» **Task brief**: Reproduce the listing below exactly, except for its pictures.

» **Information supplied**:

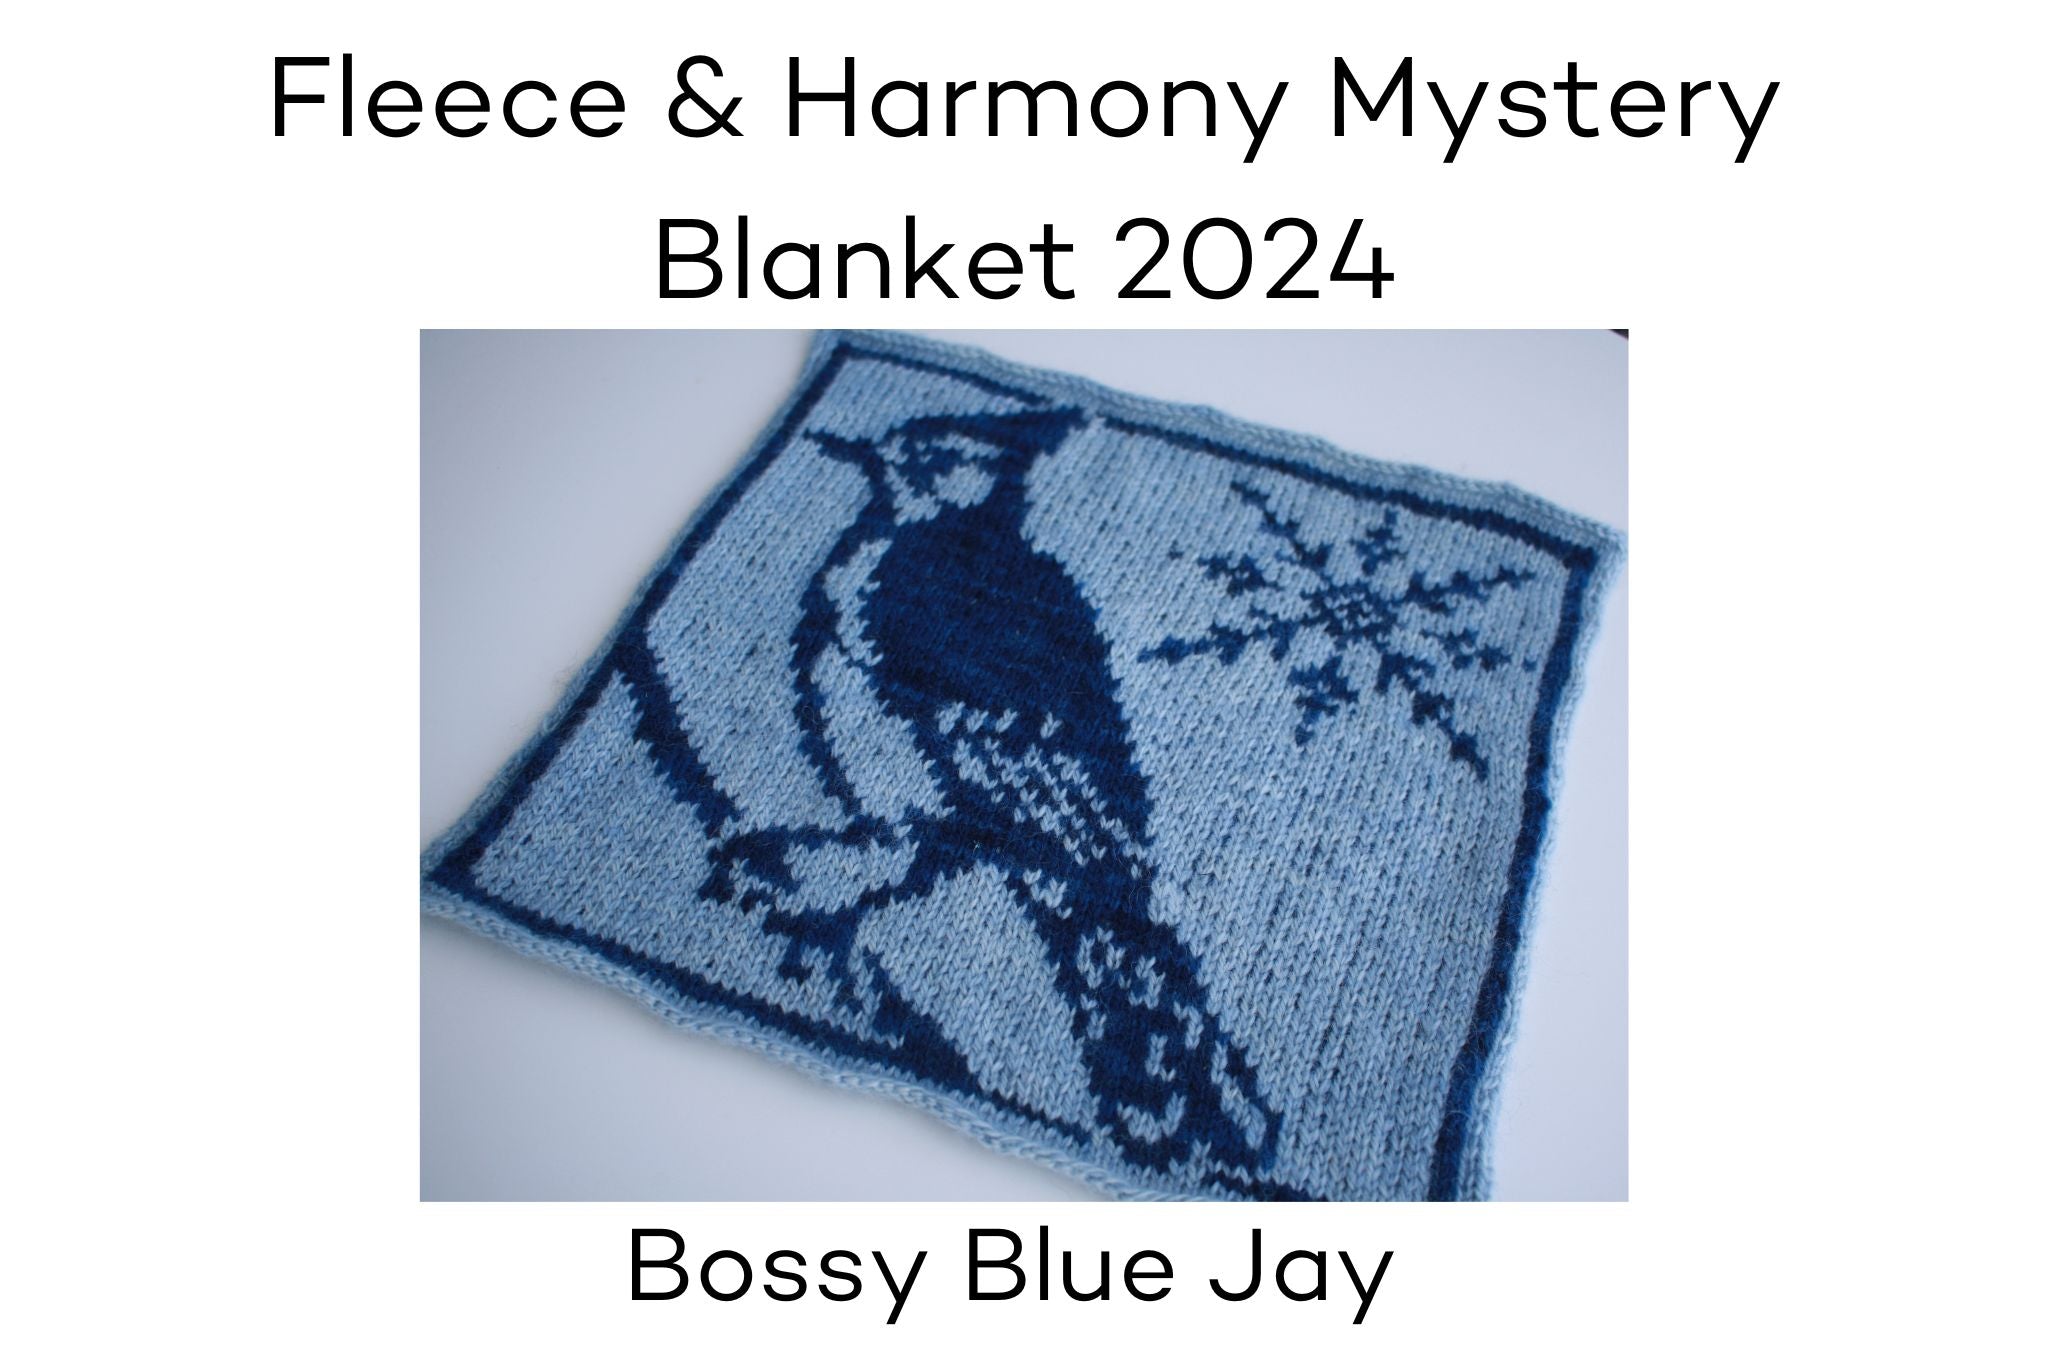 Fleece and Harmony Blanket 2024 January
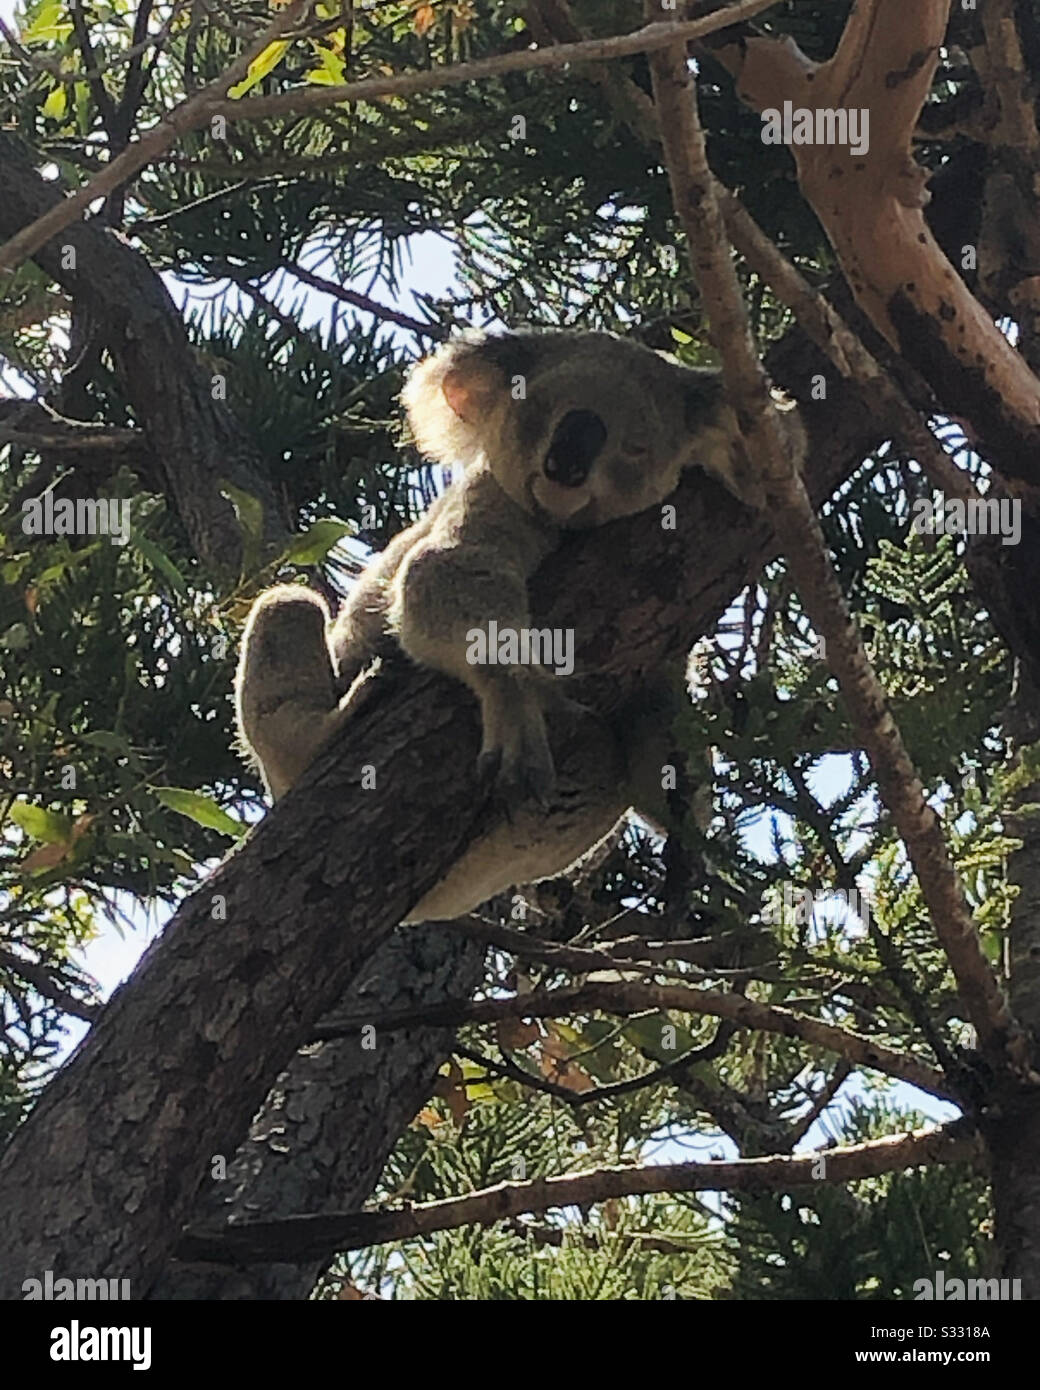 Un koala sauvage embrassant un arbre Banque D'Images
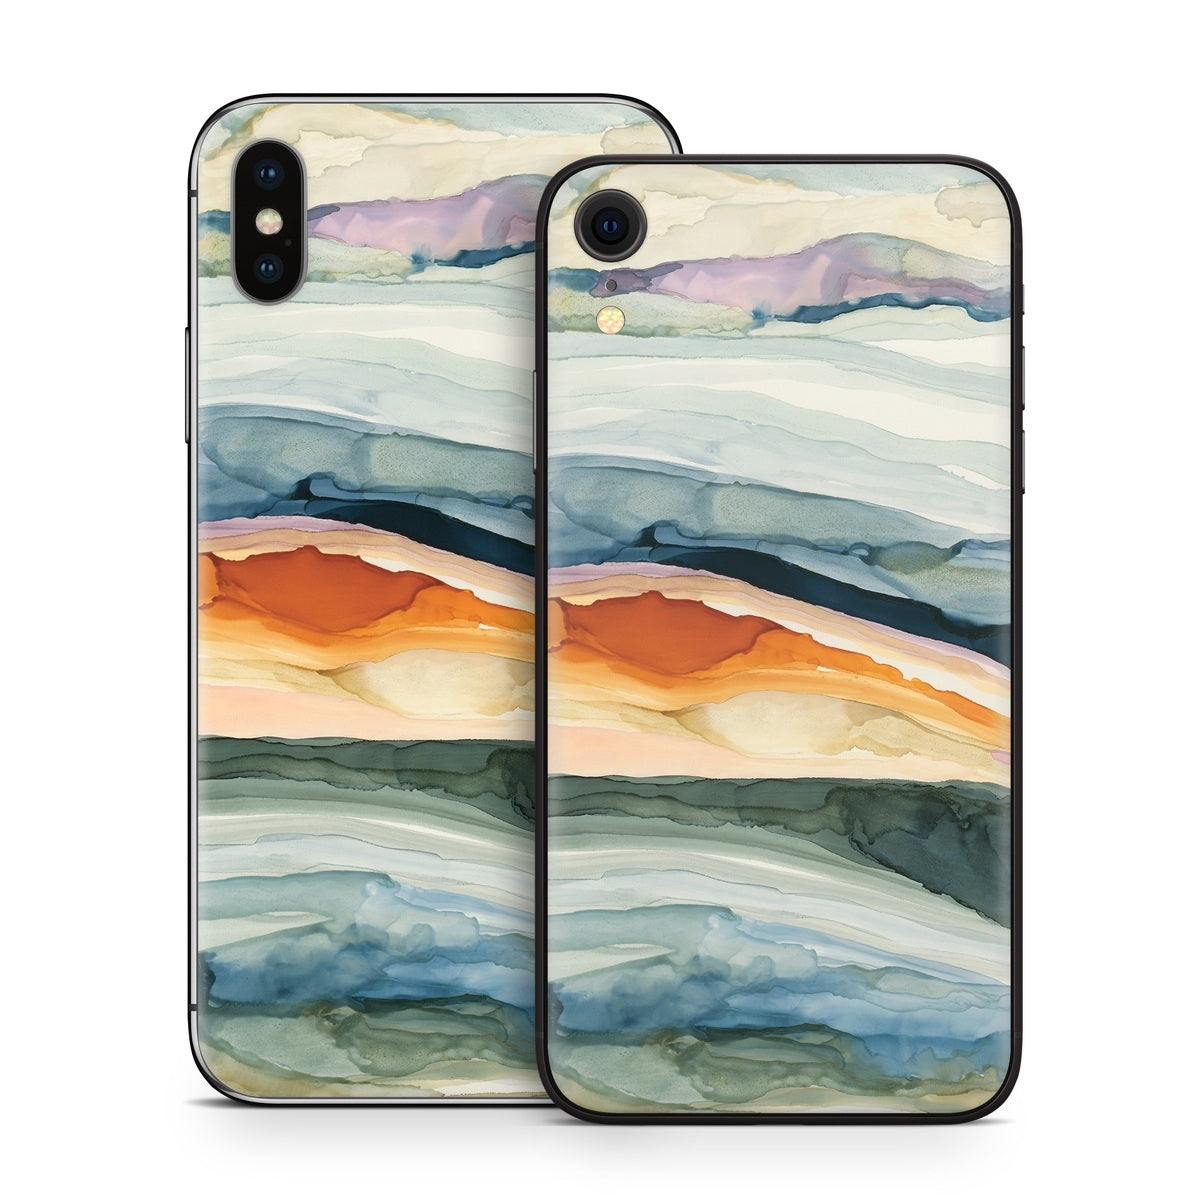 Layered Earth - Apple iPhone X Skin

» **Output of the exercise**:
 Fleece and Harmony Blanket 2024 January
 Un koala sauvage embrassant un arbre Banque D'Images
 Layered Earth - Apple iPhone X Skin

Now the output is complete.